As you can see, ten years before the gun buyback, the armed homicide rate was declining, and it continued to decline at the same rate of change. With many trading algorithms, there is a point X in the past to the present reading where the rate of change is calculated in order to help predict the future. However, you have to be careful. As you can see from the graph above, if we waited a few years after, the starting point would be higher, meaning that we could claim that the gun buyback slowed the reduction of homicide. If we would wait even more and have our starting point in one of the two troughs, we could claim that the homicide reduction was increased by the buyback. What I’ve done when drawing the line is have an equal distribution of 10 years either side.

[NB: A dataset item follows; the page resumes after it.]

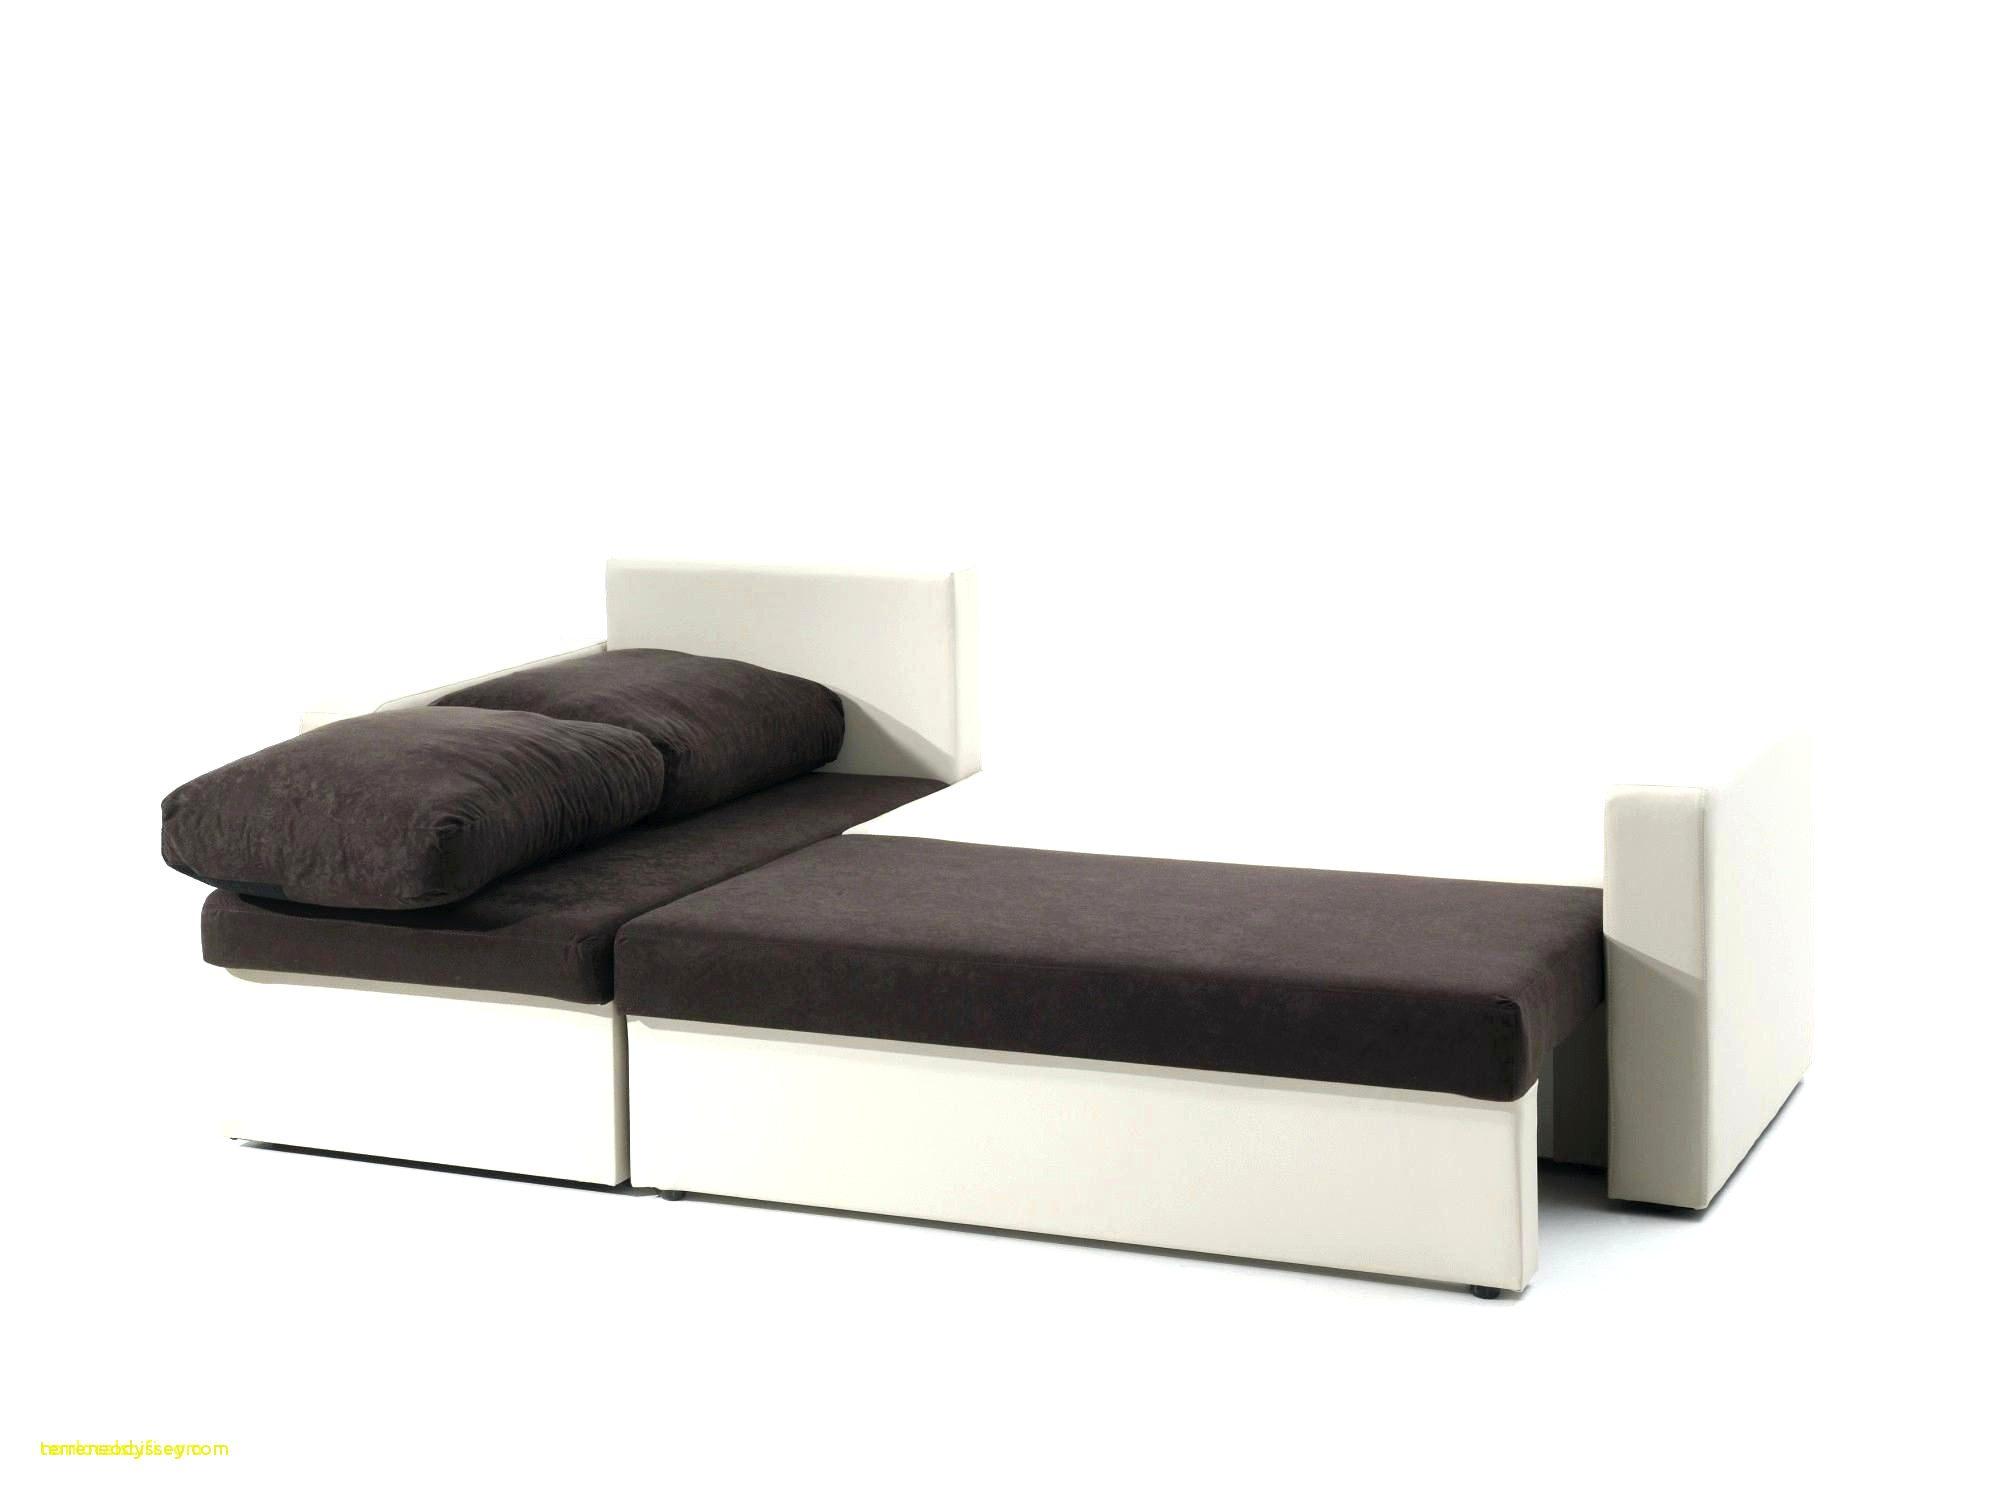 Lits Superposés 3 Places Nouveau Frais Canapé Avec Biblioth¨que Intégrée – Intérieure Design Maison

Another metric is comparing rates of change. For instance, we can look at the comparison of unarmed robbery to armed robbery in Australia:

If we look at equal ranges of the gun buyback, the rate of change of armed homicides increased. In the early 2000s policing was increased to fight this upward trend. As we can see, unarmed is reducing a lot quicker. The main argument for people fighting against gun control is that the criminals don’t adhere to the law, leaving only law-abiding citizens disarming themselves. On the other hand, people are concerned with the ease that mentally ill people can get guns. …… I’m going to be honest, I flip regularly on the gun control debate. Anyone who claims that it’s simple, hasn’t really read up on the situation. But mainly, I hope this section demonstrates the extra level of analysis that the rate of change brings. This can be done by going back a defined number of data points, then calculating the rate of change, and adding this to the current data point. Comparisons would be calculating both rates of changes, and minus one from the other.